## Task description
With pictures omitted, copy exactly every line from the one that contains "Lose Weight Stock Photos - Image: 35461393" to the end of the listing below.

## Raw data
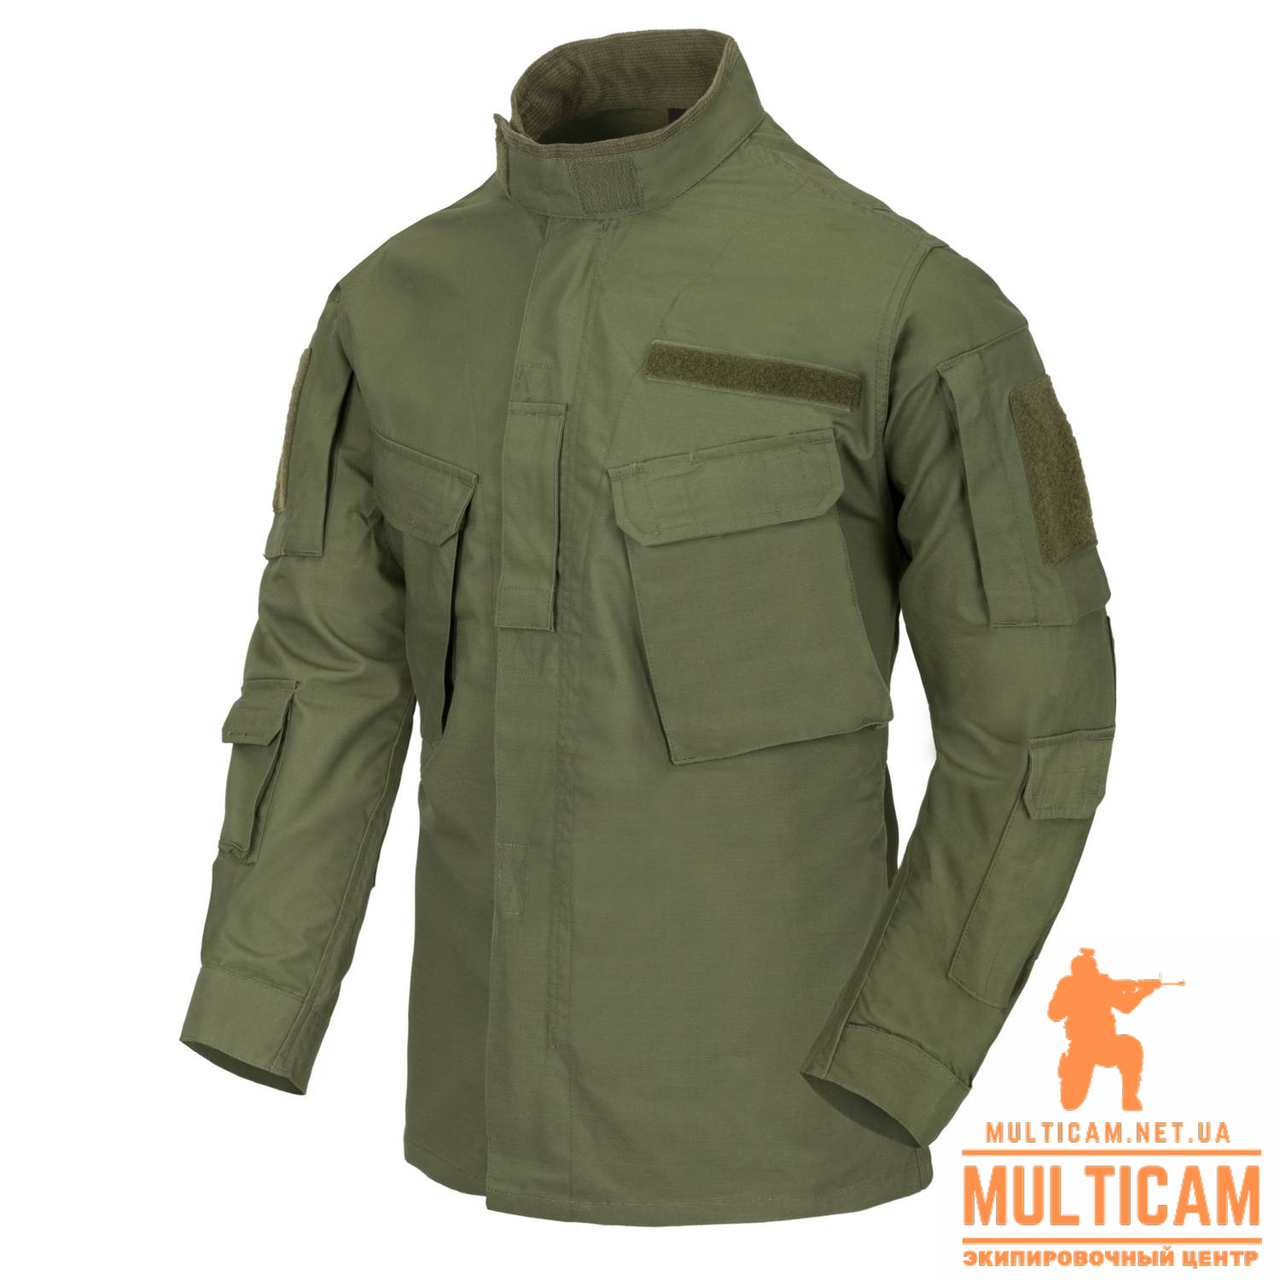 Китель Helikon-Tex® CPU® Shirt - PolyCotton Ripstop - Olive Green
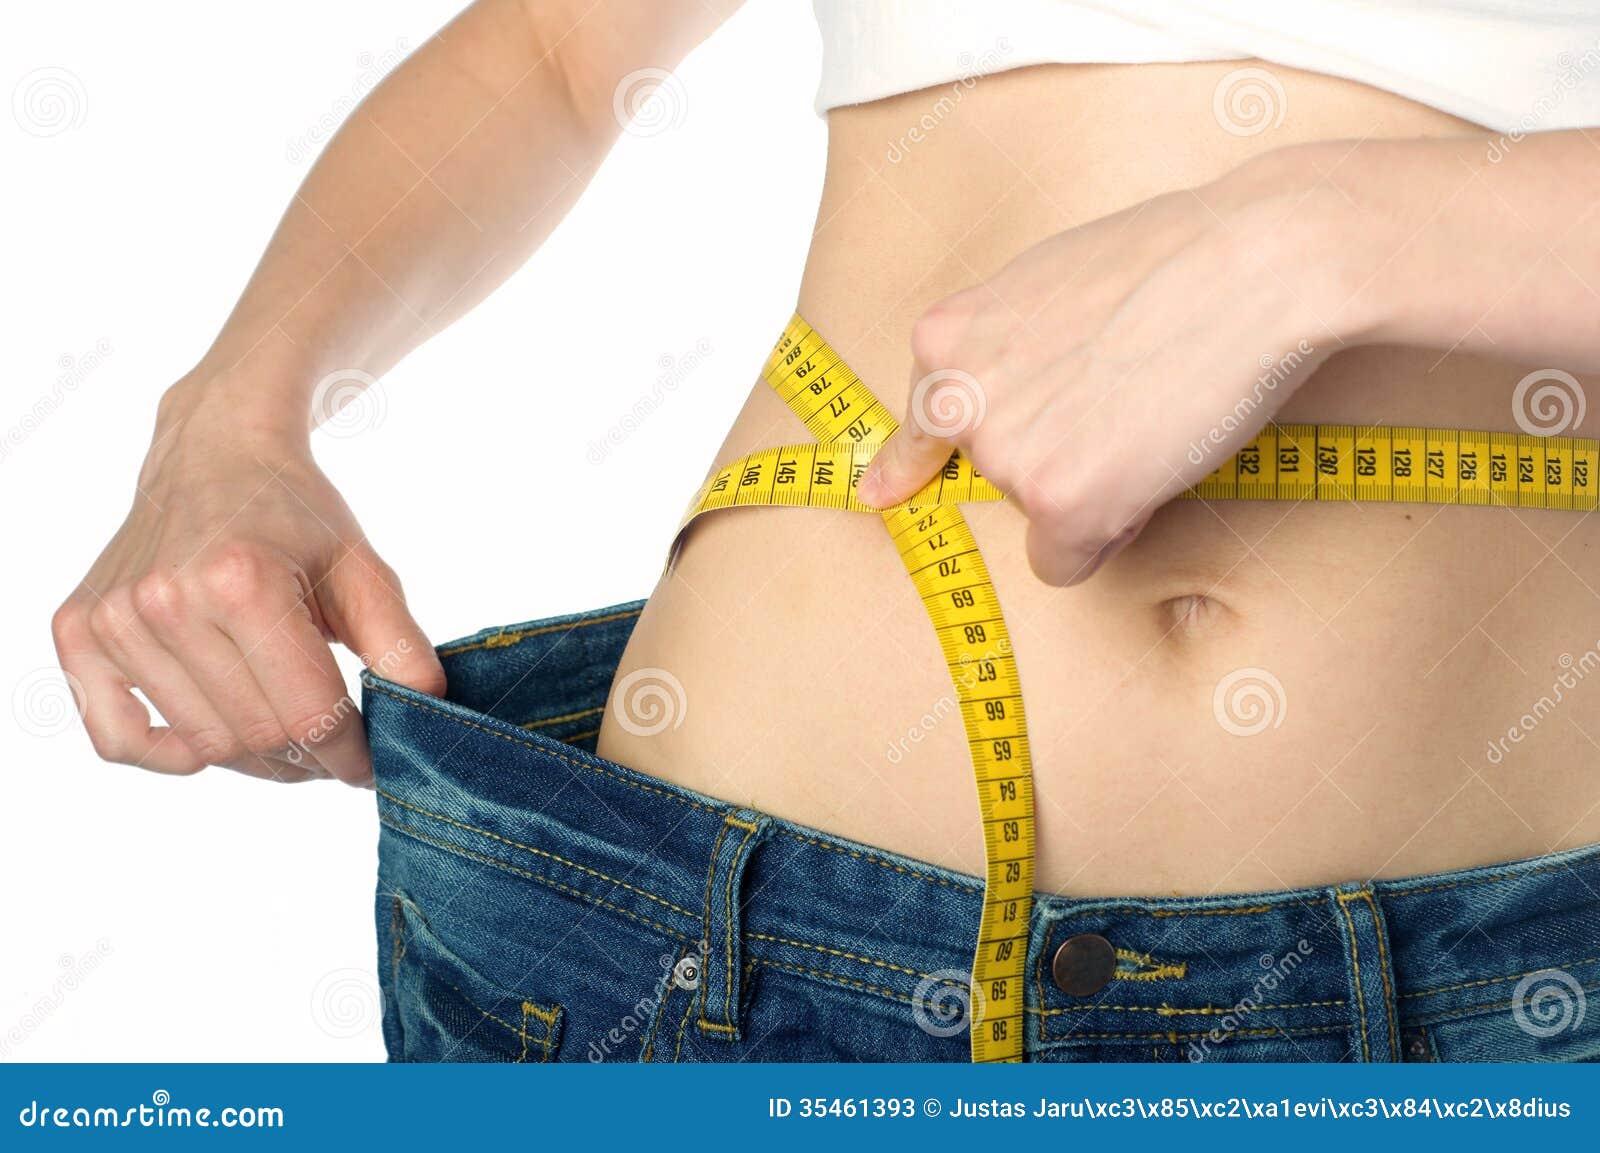 Lose Weight Stock Photos - Image: 35461393
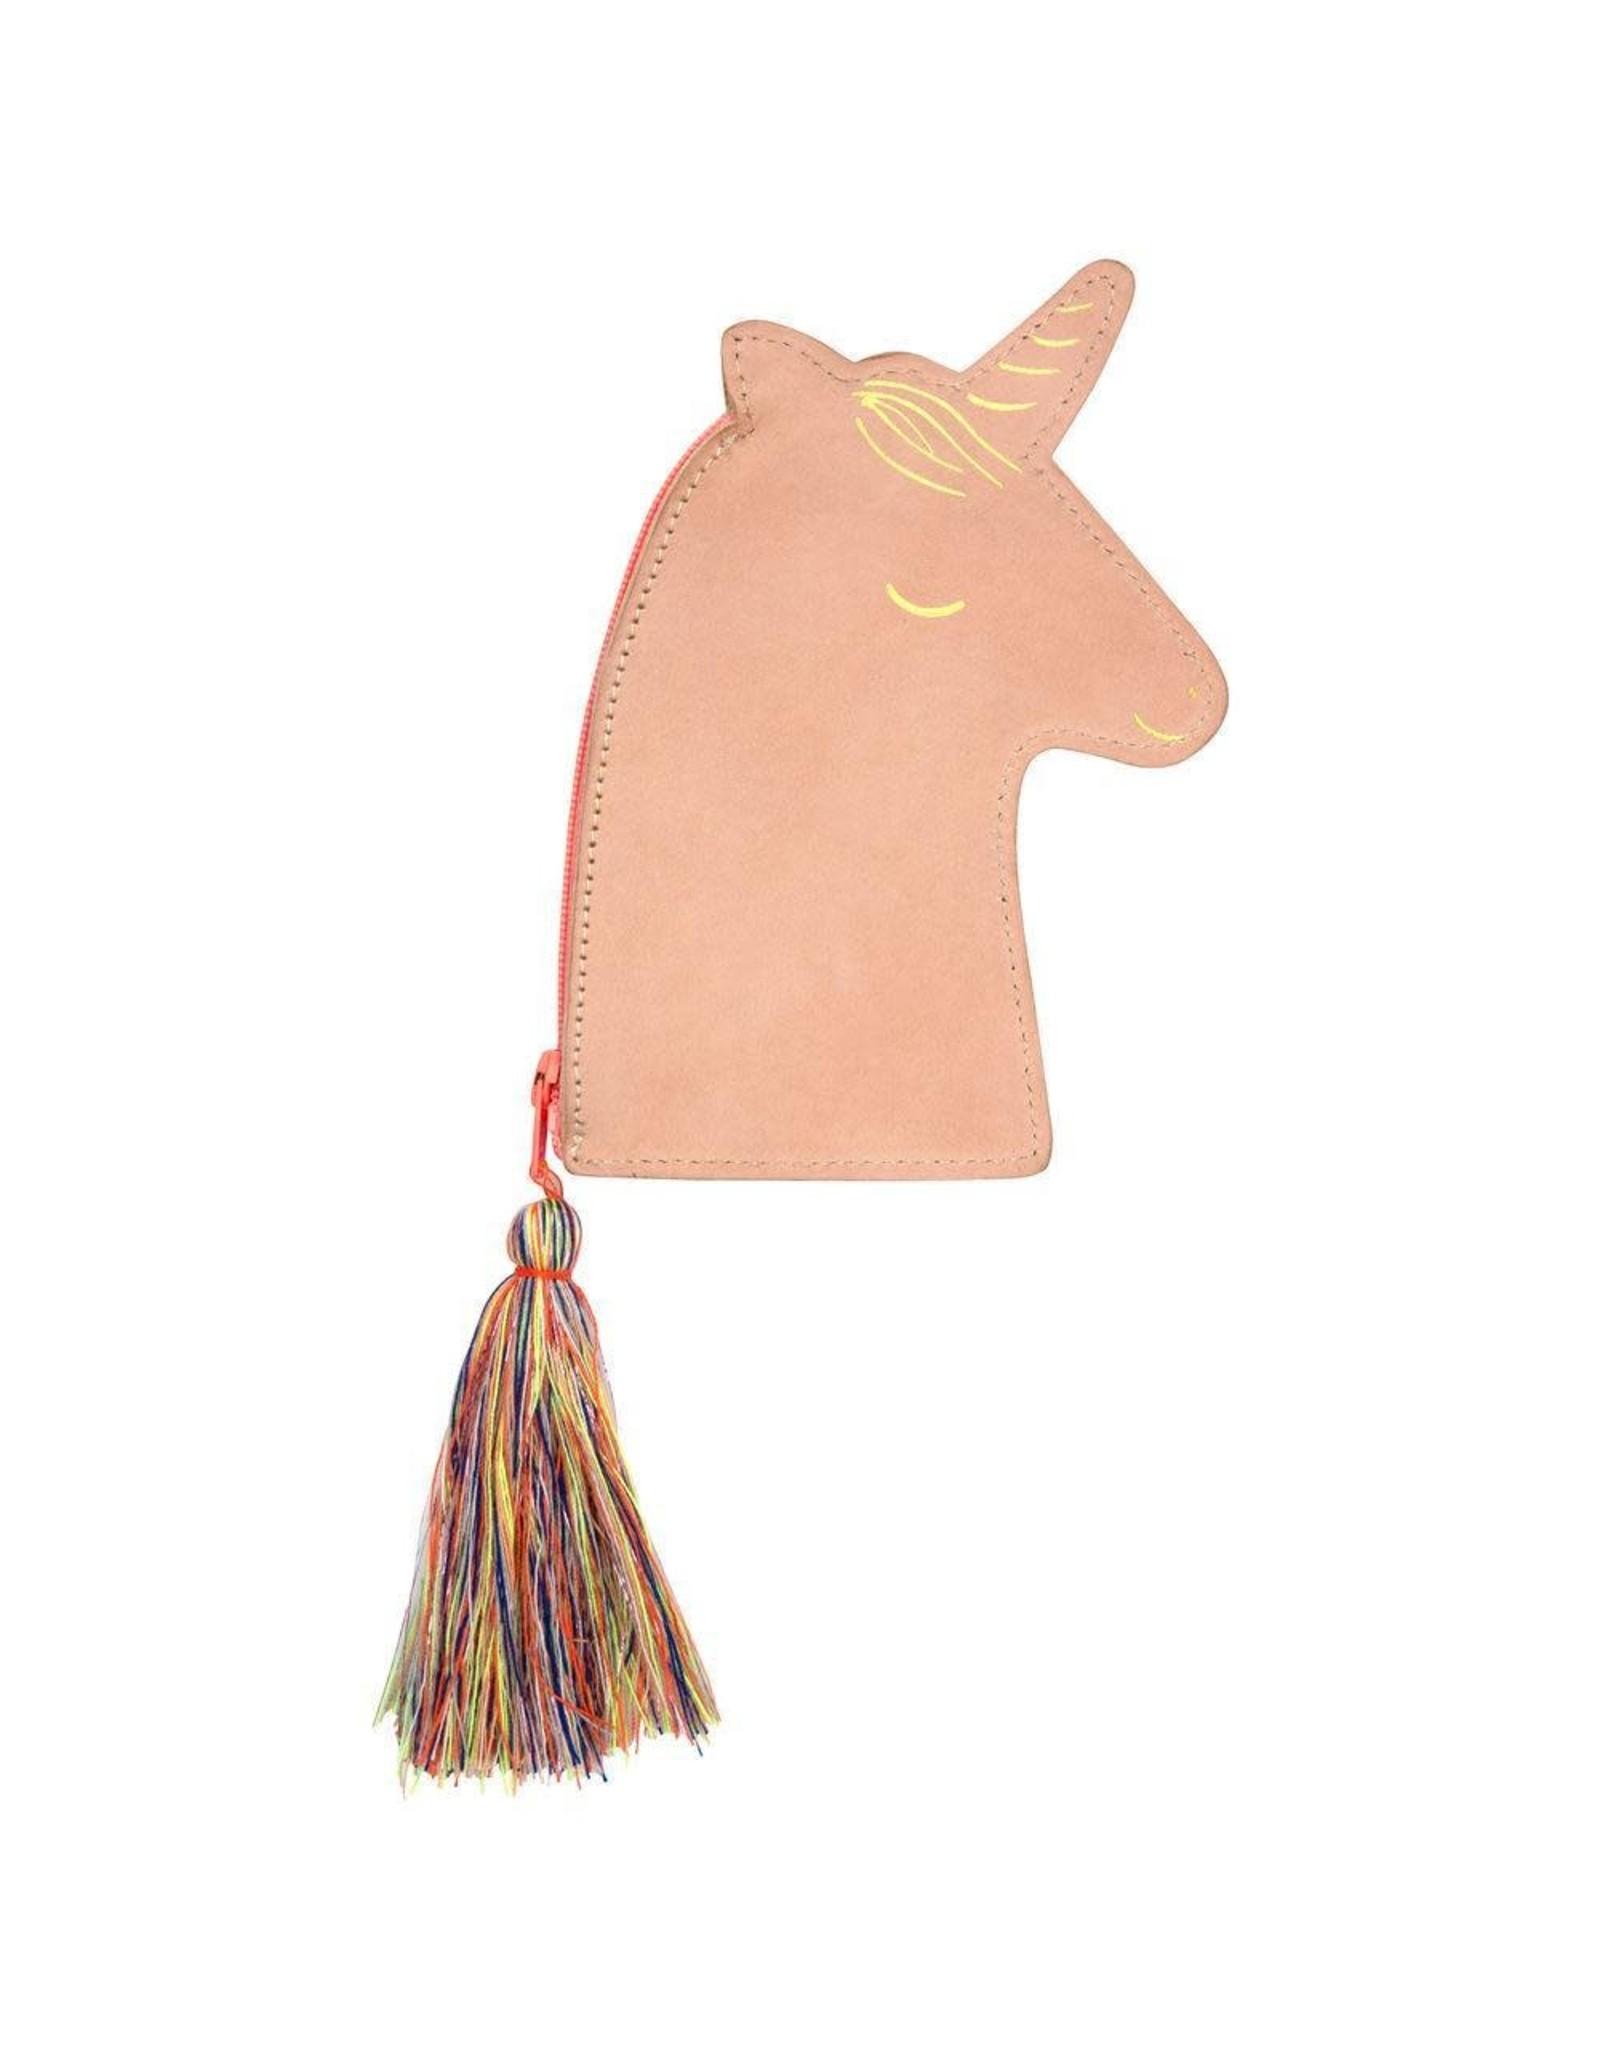 Meri Meri Ritstasje   Unicorn

## Your solution
 Lose Weight Stock Photos - Image: 35461393
 Meri Meri Ritstasje   Unicorn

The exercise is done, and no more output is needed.